• WORK ORDER
Copy the closing run of lines, from the one with "Thomas Cardone was" through the last line of the listing, exactly and without any pictures.

• DATA EXCERPT
□ □ □ □ □ □ □

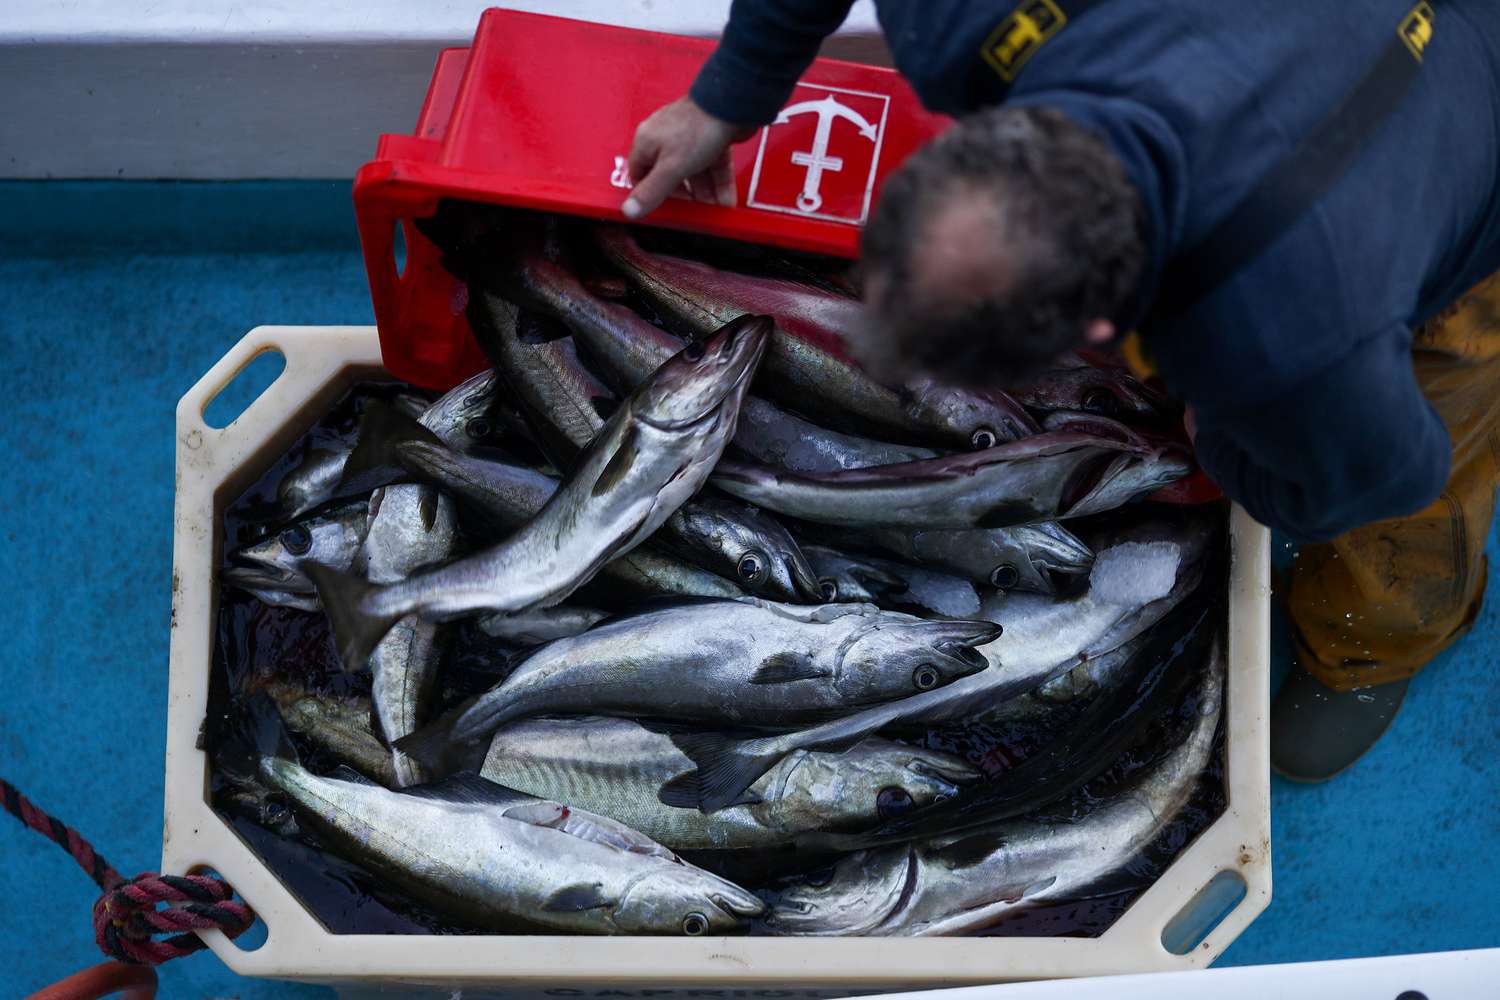 Fishing worker placing fish in a tote to be sold after Bexit
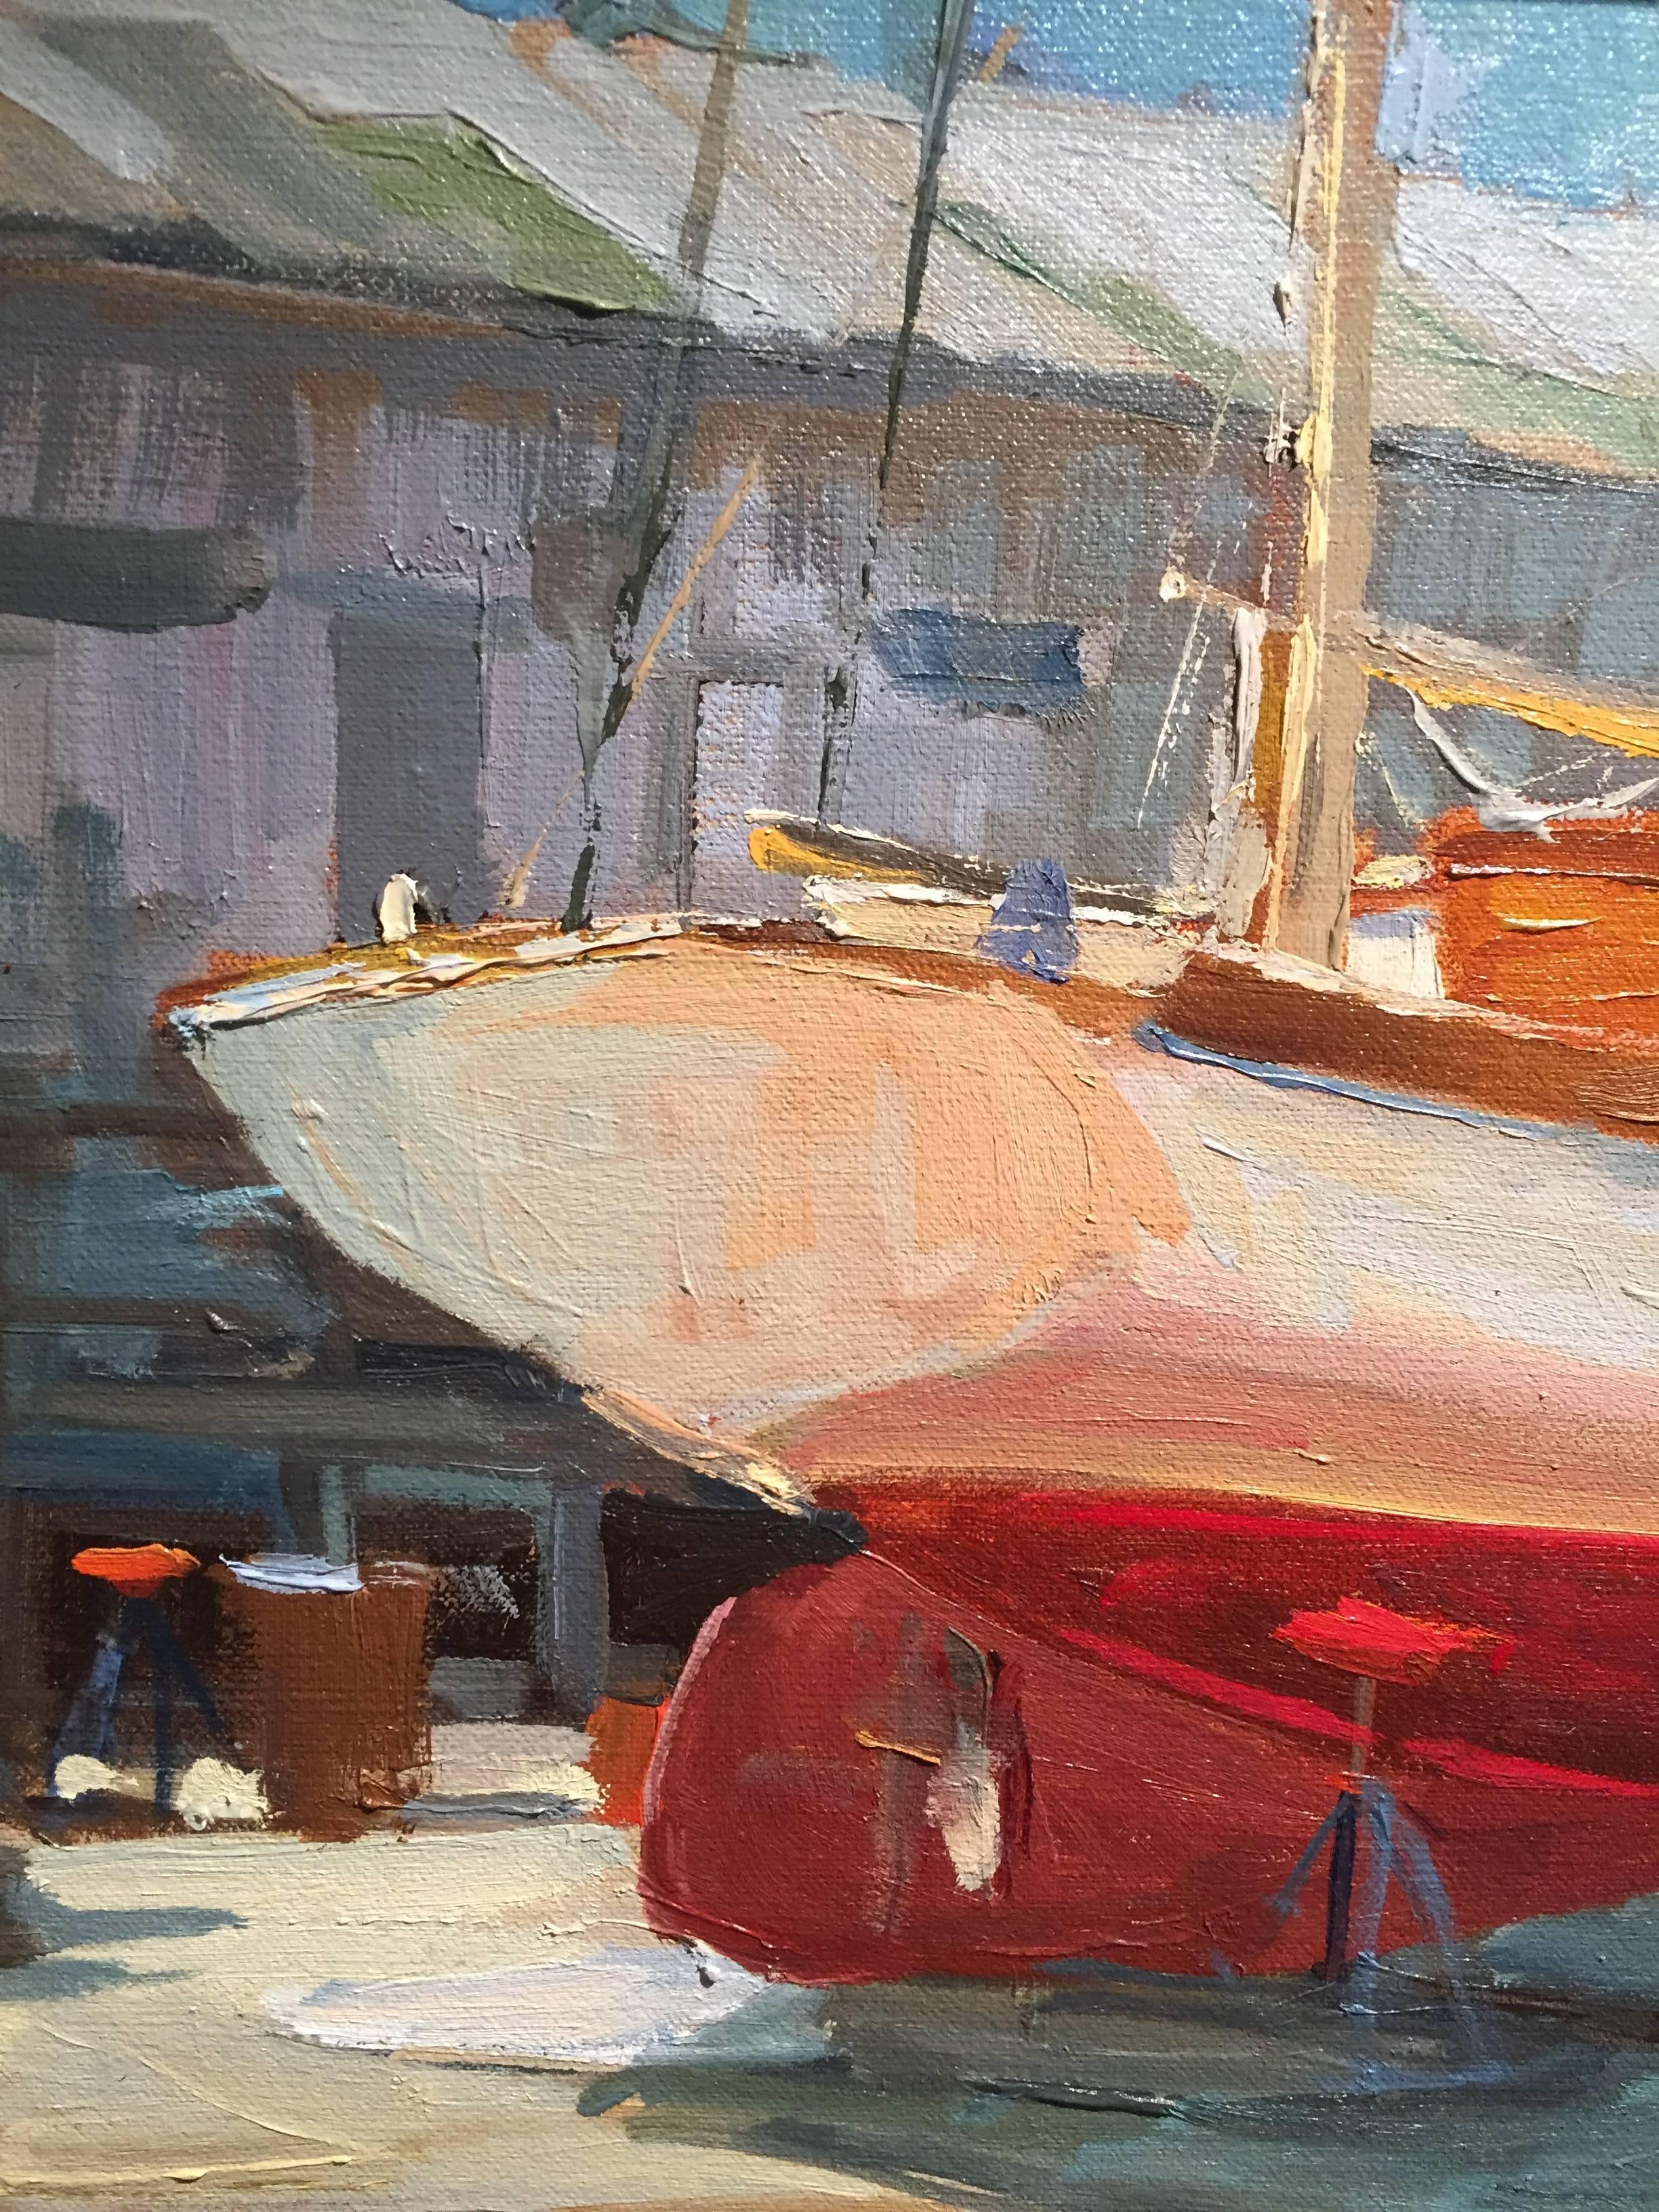 Coqueze Springs, New York was painted en plein-air at a ship-yard in Springs, East Hampton, New York. A Red and white sailboat sits mounted on land, not yet ready to be placed in its destined waters. 

Thomas Cardone was born in New York in 1964. He
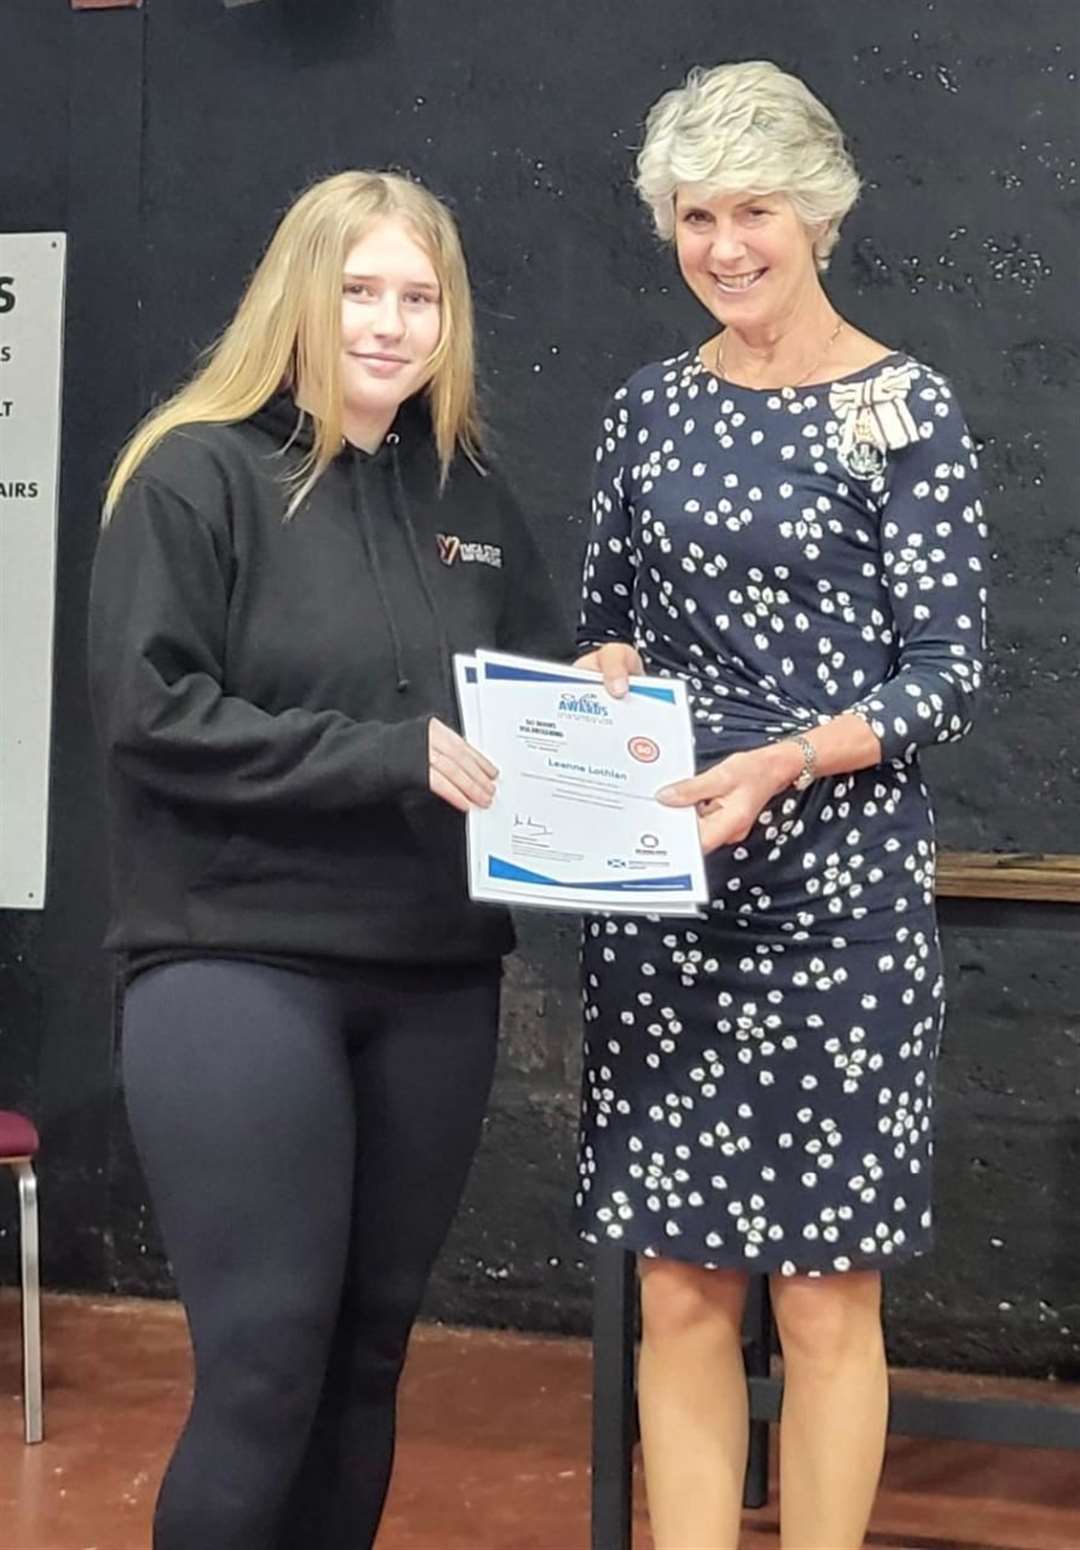 Leanne Lothian completed 100 hours of volunteering to receive a Saltire award.

□ □ □ □ □ □ □

• ANSWER SECTION
Thomas Cardone was born in New York in 1964. He
 Leanne Lothian completed 100 hours of volunteering to receive a Saltire award.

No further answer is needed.